How is the erosive shear stress τ at a certain point influenced by the neighboring bed geometries or the neighboring bed roughness?
This is a typical Inverse Problem! As potentially any point in the model affects the shear stress even over longer distances due to its ability to alter the water level with its properties ZF=Bottom Elevation or KS=Equivalent Sand Roughness.
A part of the Danube (official Telemac-2D validation case 221_donau) is shown in the following picture.
- The purple ring marks 12 mesh nodes which are right in the middle of the groyne head scour.
- 47500 points are examined to quantify their influence through ZF=Bottom Elevation or KS=Equivalent Sand Roughness
- The model runs until the adjoints are quasi steady ~ 4500s
Interpretation of the resulting adjoints as a map:
The dependency of the bathymetry on τ at the simulated flow conditions is dominated by the obvious separation of the 2 arms around the upstream island. If the southern arm, which has low flow, is lifted, then more water is pushed to the main channel (1). The same happens if the surrounding of the groin and the opposite site (2) of the cross section are elevated. A kind of funnel effect increases the shear stress. Decreasing the scour itself increases the shear stress as well (3).
The perspective view from downstream (4) reveals that some other groins have a high impact, as they influence with their back draft the water level in the examined area. The lower groins, which are smaller and shaded by the bigger ones therefore don’t influence the examination zone anymore. Again the reader shall be warned that only a change of few decimeters in any topographic feature might change the result totally. The general noise in the adjoints origins from bumps and holes in the bathymetry. Following the direction of the adjoints will smoothen the main channel and therefore accelerate flow and increase the shear stress.

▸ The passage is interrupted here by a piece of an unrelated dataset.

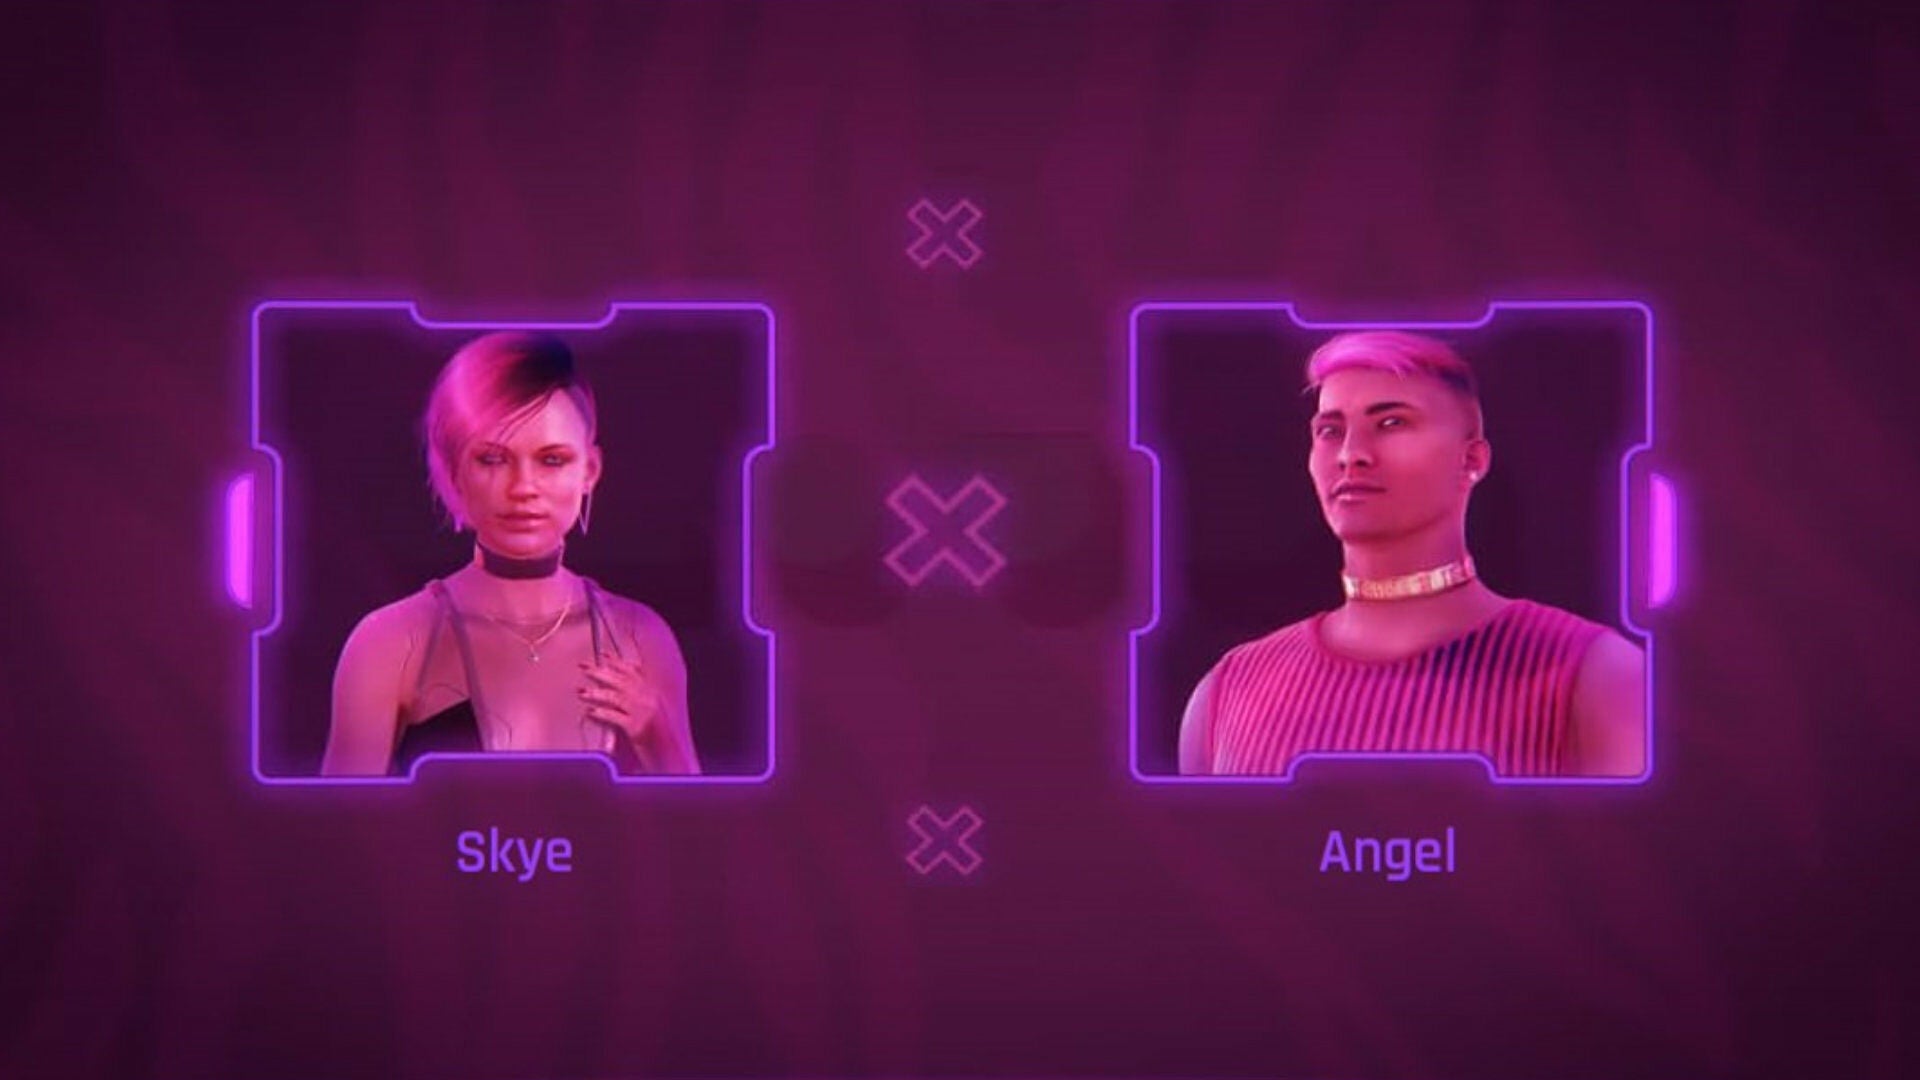 A screen in Cyberpunk 2077 asking you to select between Skye (left) or Angel (right).

On the contrary for bed roughness a clear tendency is visible: the smoother the bed along the main channel, the higher the shear stress at the groin head scour. If the roughness gets higher on the opposite shore (5), more water is pressed to the scour. Classic methods (numerical and physical) would have given a rough idea about this dependency, but for the first time a hydraulic model can exactly define the spatial limits of the relevant area.The scour itself has a different tendency (6): Increasing the roughness in the target point itself obviously increases the local shear stress.
DISCLAIMER: Adjoints computed by TELEMAC-2D-AD describe the change of the output τ as a linear relation of its specific input. Therefore extrapolations for other input parameter sets ma be wrong!
Download and experiment with the trail show case:
The example is available for Download as ZIP: -> Link (Registered Users Only!)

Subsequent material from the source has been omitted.